# Pfizer vaccine question...



## jargey3000 (Jan 25, 2011)

I'm scheduled to get my first jab of Pfizer in a few days.
Others who've gotten it here lately are being given appointments -in August- for their second shot.
I think I read somewhere that Pfizer recommends the second shot be given within 21days to be fully effective?
So......where does that leave people like us?


----------



## MrMatt (Dec 21, 2011)

jargey3000 said:


> I'm scheduled to get my first jab of Pfizer in a few days.
> Others who've gotten it here lately are being given appointments -in August- for their second shot.
> I think I read somewhere that Pfizer recommends the second shot be given within 21days to be fully effective?
> So......where does that leave people like us?


Waiting.

Really I was concerned about this, but it seems that we'll be needing variant boosters in a few months anyway. There is basically no way we don't get several variants of interest or concern over the next few months.

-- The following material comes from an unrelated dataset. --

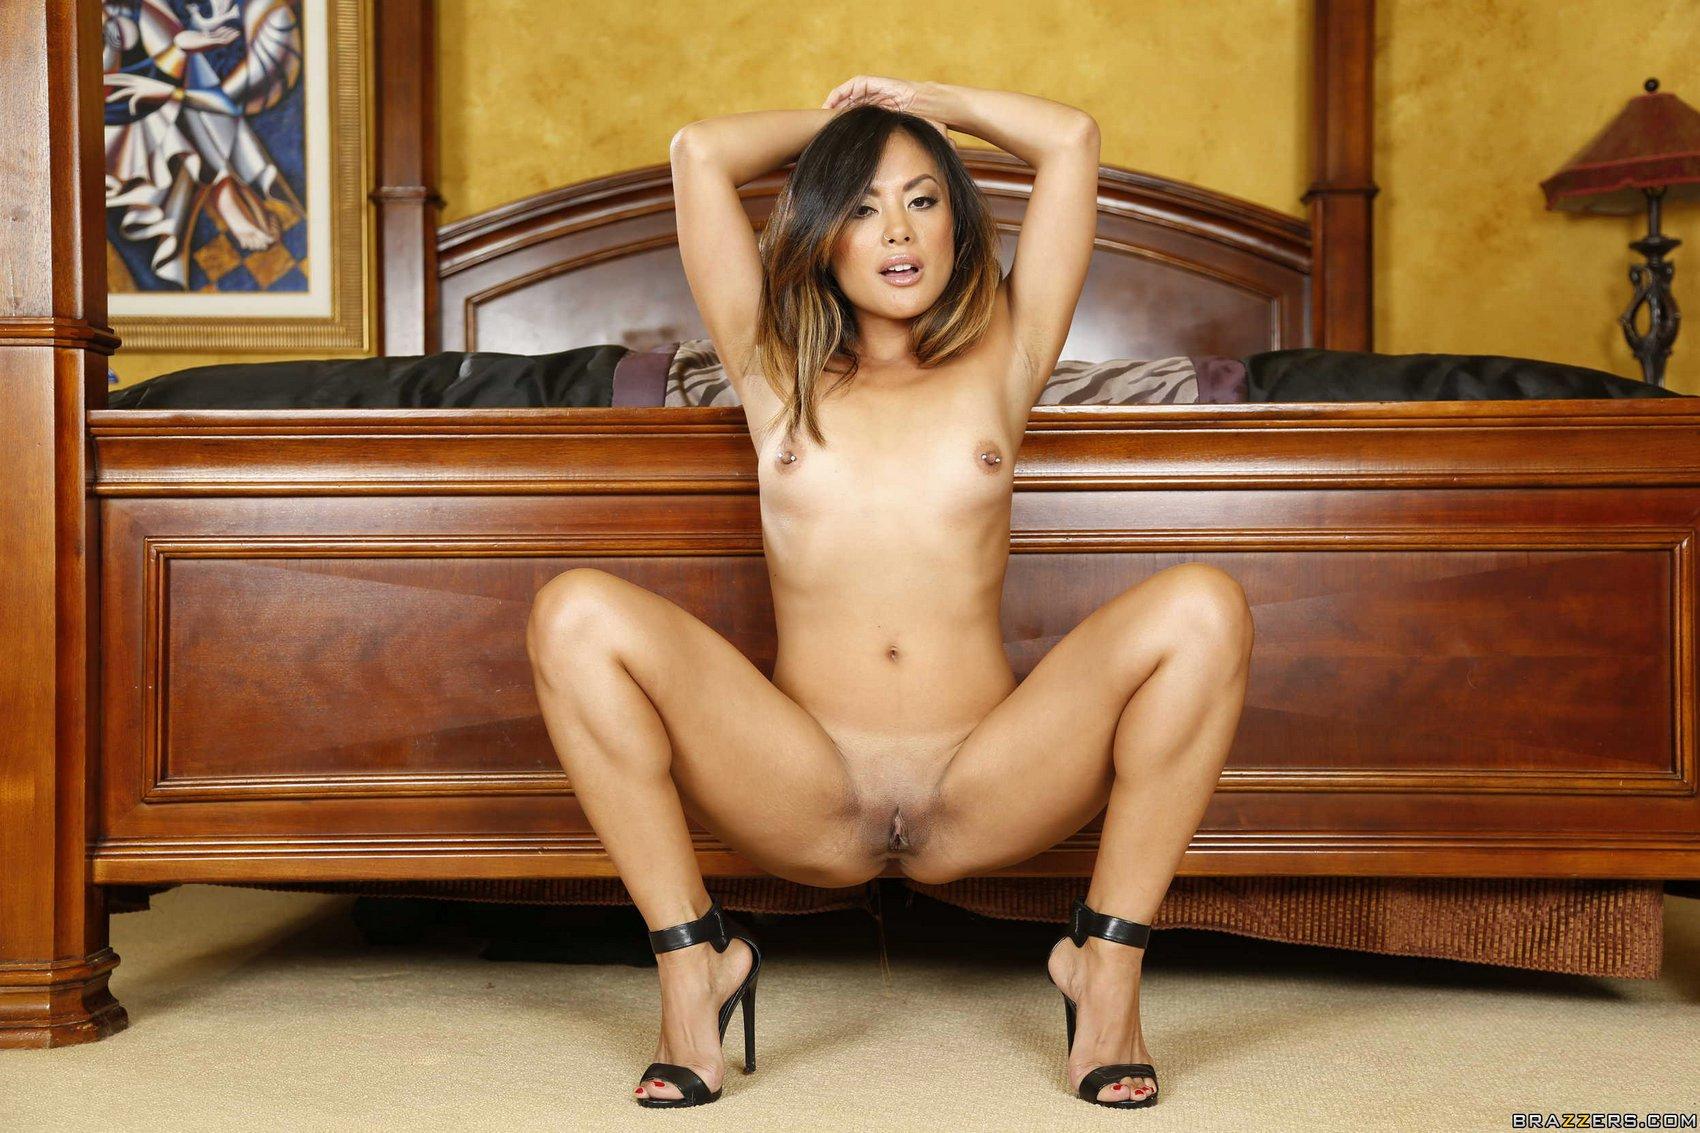 Kaylani lei nude pussy pic ex girlfriend photos

1 dose gives a high degree of protection, 2 doses is better, but you're mostly protected from just the first dose, and the idea is to stop overloading the hospitals and having people die.


I was against the extended intervals for Pfizer & Moderna, since they never explicitly tested it (they did for AZ)

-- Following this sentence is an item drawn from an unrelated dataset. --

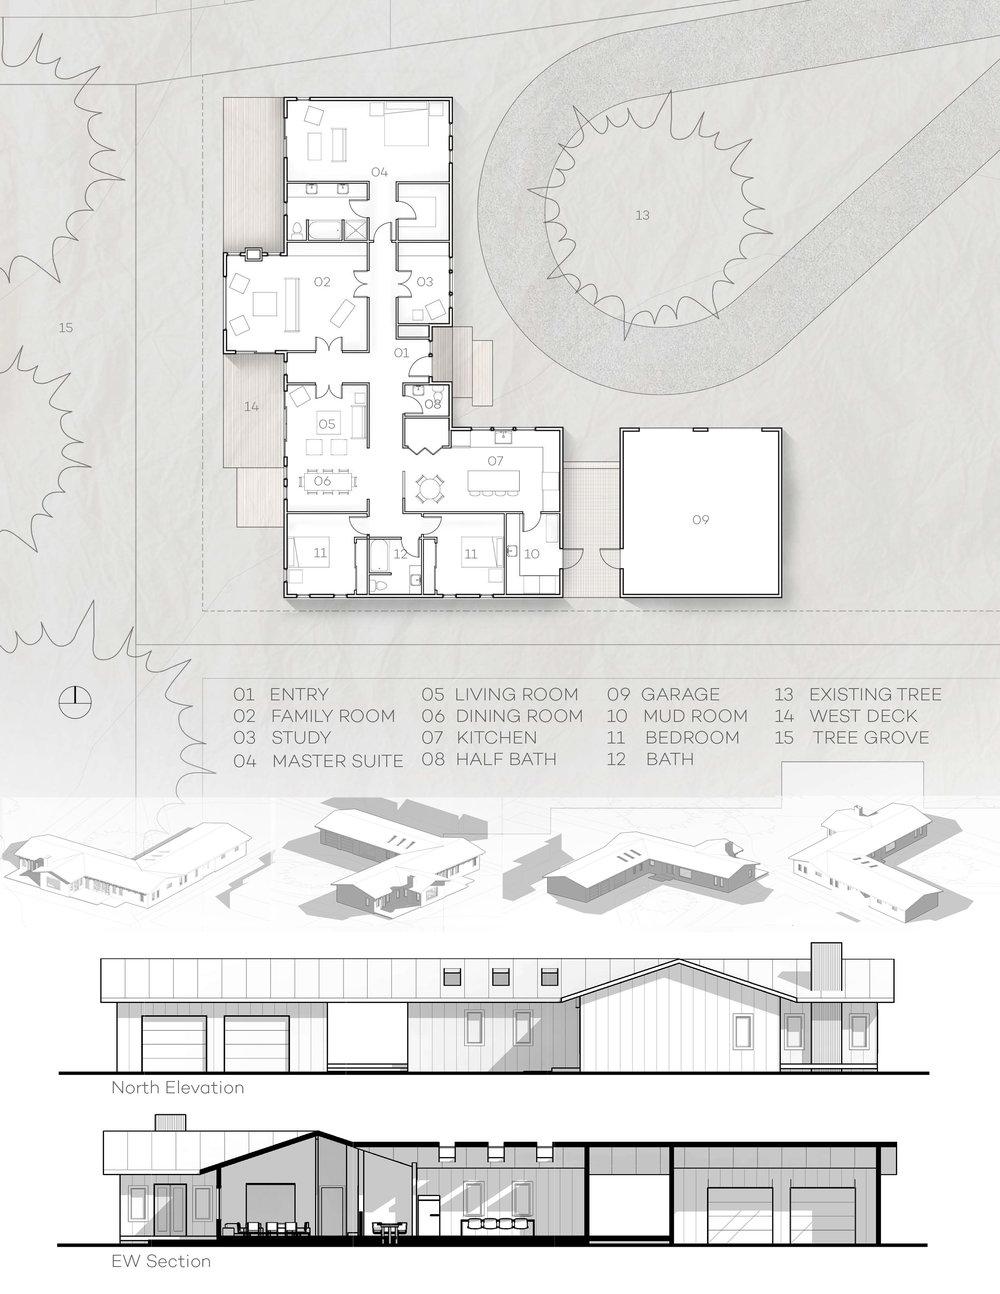 Lot 9 Illustrated Floor Plan.jpg

But I now think this was an acceptable gamble. Hopefully they keep the JNJ one shot for homeless and other hard to reach populations.


----------



## james4beach (Nov 15, 2012)

jargey3000 said:


> So......where does that leave people like us?


A single shot of Pfizer provides significant protection, to the point it pretty much eliminates hospitalization and death. So as soon as you get the one shot and *wait 14 days* (for immunity to kick in) you have quite a bit of protection, at least for a while.

How long that is, that's still a bit unknown. The more solid protection comes with the second dose of course. The single shot will give you a lot of safety for the next month or two. But for the next four months? We don't really know.

The infectious disease experts I heard talk about this pointed out that delays between two shots are somewhat flexible, and a person's immunity does not suddenly disappear. It declines gradually.


----------



## agent99 (Sep 11, 2013)

Jargey, It leaves you just where the rest of us are. Part of a big experiment.


----------



## james4beach (Nov 15, 2012)

agent99 said:


> Jargey, It leaves you just where the rest of us are. Part of a big experiment.


Yes, part of a big experiment, but better off than if we weren't vaccinating anyone.

If we only vaccinated 70 and 80 year olds with full doses, then we'd be depriving younger (WORKING) age people from any vaccination.


----------



## Eder (Feb 16, 2011)

From the horses mouth

_*Pfizer and BioNTech’s Phase 3 study for the COVID-19 vaccine was designed to evaluate the vaccine’s safety and efficacy following a 2-dose schedule, separated by 21 days. The safety and efficacy of the vaccine has not been evaluated on different dosing schedules as the majority of trial participants received the second dose within the window specified in the study design.*_

_*There are no data from this study to demonstrate that protection after the first dose is sustained after 21 days. *_


----------



## james4beach (Nov 15, 2012)

Eder said:


> From the horses mouth...


You're quoting Pfizer. Well that's all good, but Pfizer was also supposed to deliver us millions of more doses. They did not.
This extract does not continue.